Great News from the Finance End

Great News from the Finance End

For the first time ever on hartr.net, cloud migration has resulted in a significant savings on AWS costs, which have been mitigated 90%. Migrating from Amazon towards DigitalOcean has also resulted in a 33% reduction in compute costs, which is terrific news for everybody who likes to read or write these articles.

In terms how how I would use this experience as a recommendation for new AWS users, my best advice would be to keep compute costs lower by not even using t2.micro instances. While they claim to be free for a certain number of hours per month, I found that after a year of hosting Amazon will start to charge.

Does DigitalOcean do this as well? Of course they do. I wouldn’t be surprised if they make up for cheaper compute by charging higher prices on some other end. But the nice thing about migrating to open-source is that it plugs into everything. Even Microsoft has an Ubuntu plane in Windows 10 now. I found it to be much more useful than PuTTy because it abstracted away the clunky UI and Windows file interface.

The freedom of the various apps that work on this platform has also been a serious enabler towards building up this brand presence. While I have done so on previous iterations of this site, I gotta give thanks to all the hard workers on the Linux project, as well as the proud souls that continue to develop Debian in particular. And while a trained eye will be able to easily tell what my site provider runs on, I’m not going to make it exceptionally easy for you. Just know that I paid nothing for it.
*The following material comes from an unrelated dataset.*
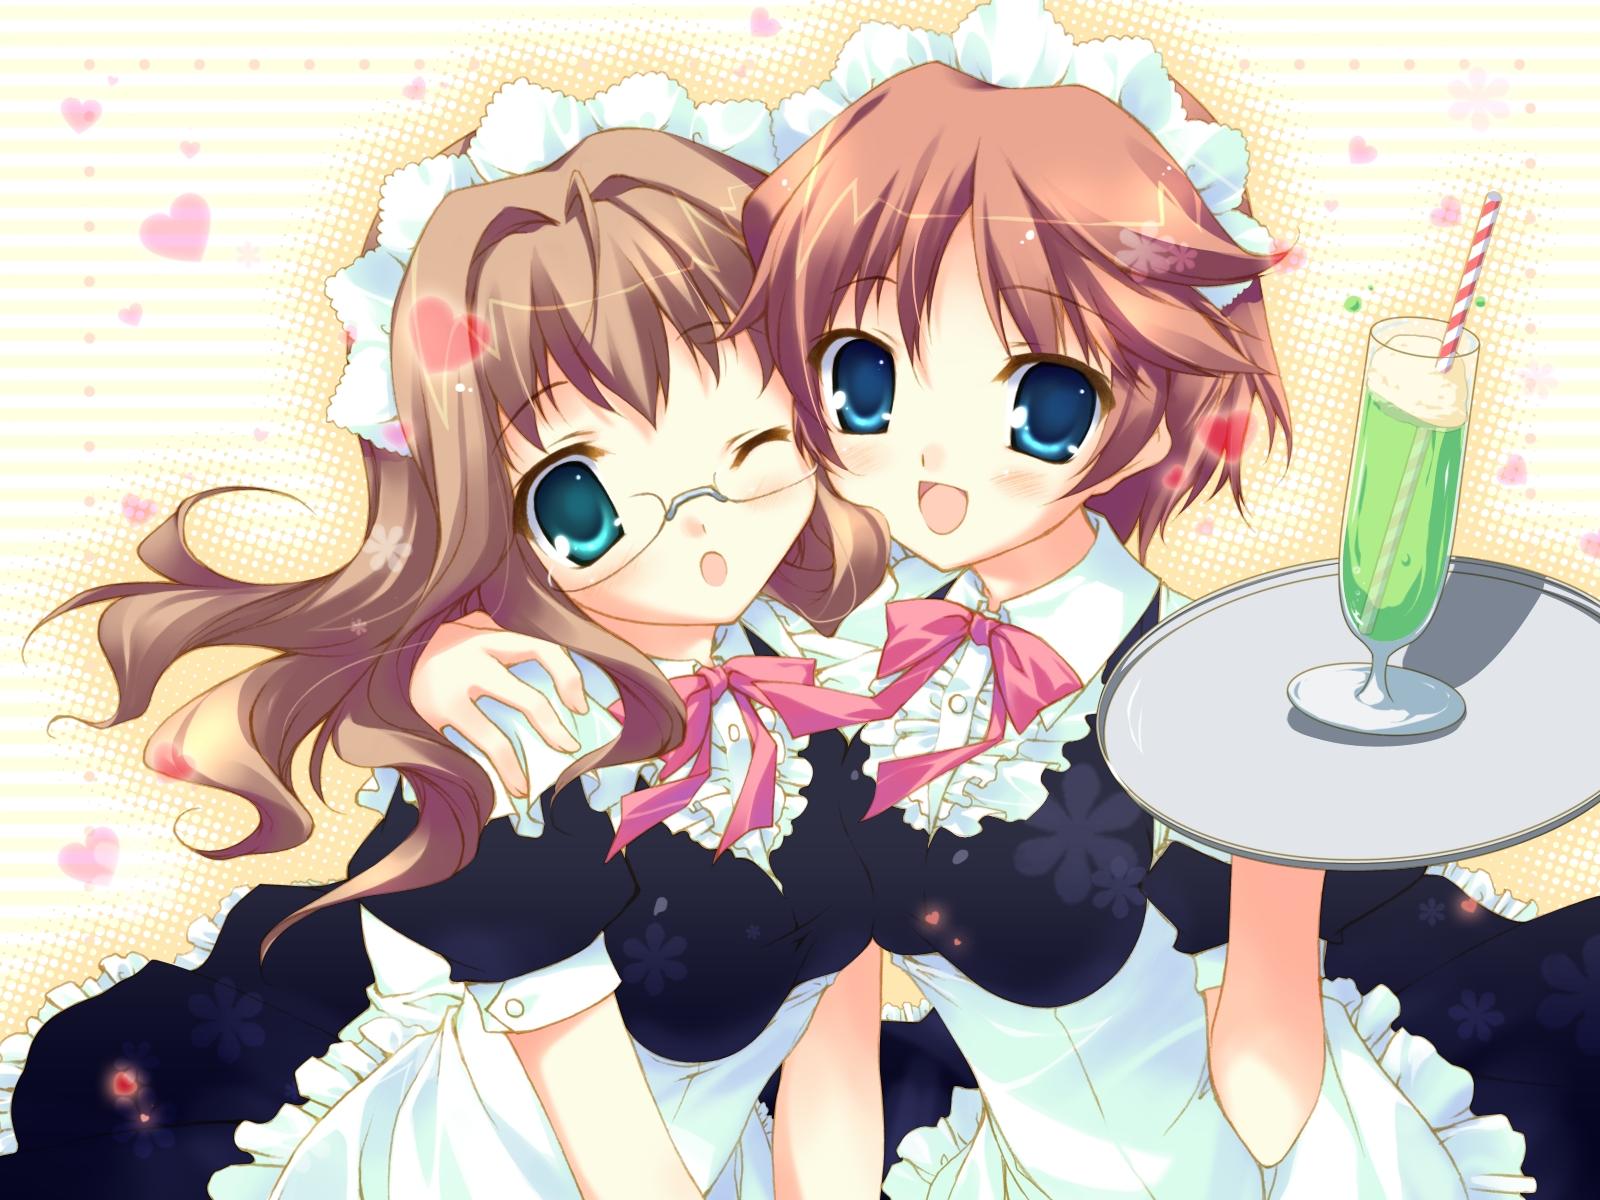 2girls aqua_eyes blue_eyes brown_hair chikotam cuffs_(studio) drink glasses hazuki_mao hazuki_rio headdress maid onii-chan_daaisuki! waitress wink

I’d like to continue preaching if only for a moment and remind everybody that these folks work tirelessly and for no money to keep more (much more) than half our internet structure running. Lots of people find a way to make money off it; I’ve worked for them in the past. They’re doing god’s work to make sure our systems continue to function. So far, mine have.

One last recommendation I would make is to never utilize physical or Windows infrastructure. Ever. It possesses a pecuniary price and a learning curve and requires an in-place infrastructure that only grows in cost. If you need it for accounting purposes, then it’s a necessary evil. But unless it’s for practical infrastructure purposes akin to those, hartr.net will never utilize those principles.

Well, ok. I run a windows vm in parallels to play Magic Arena. But I swear, that’s it!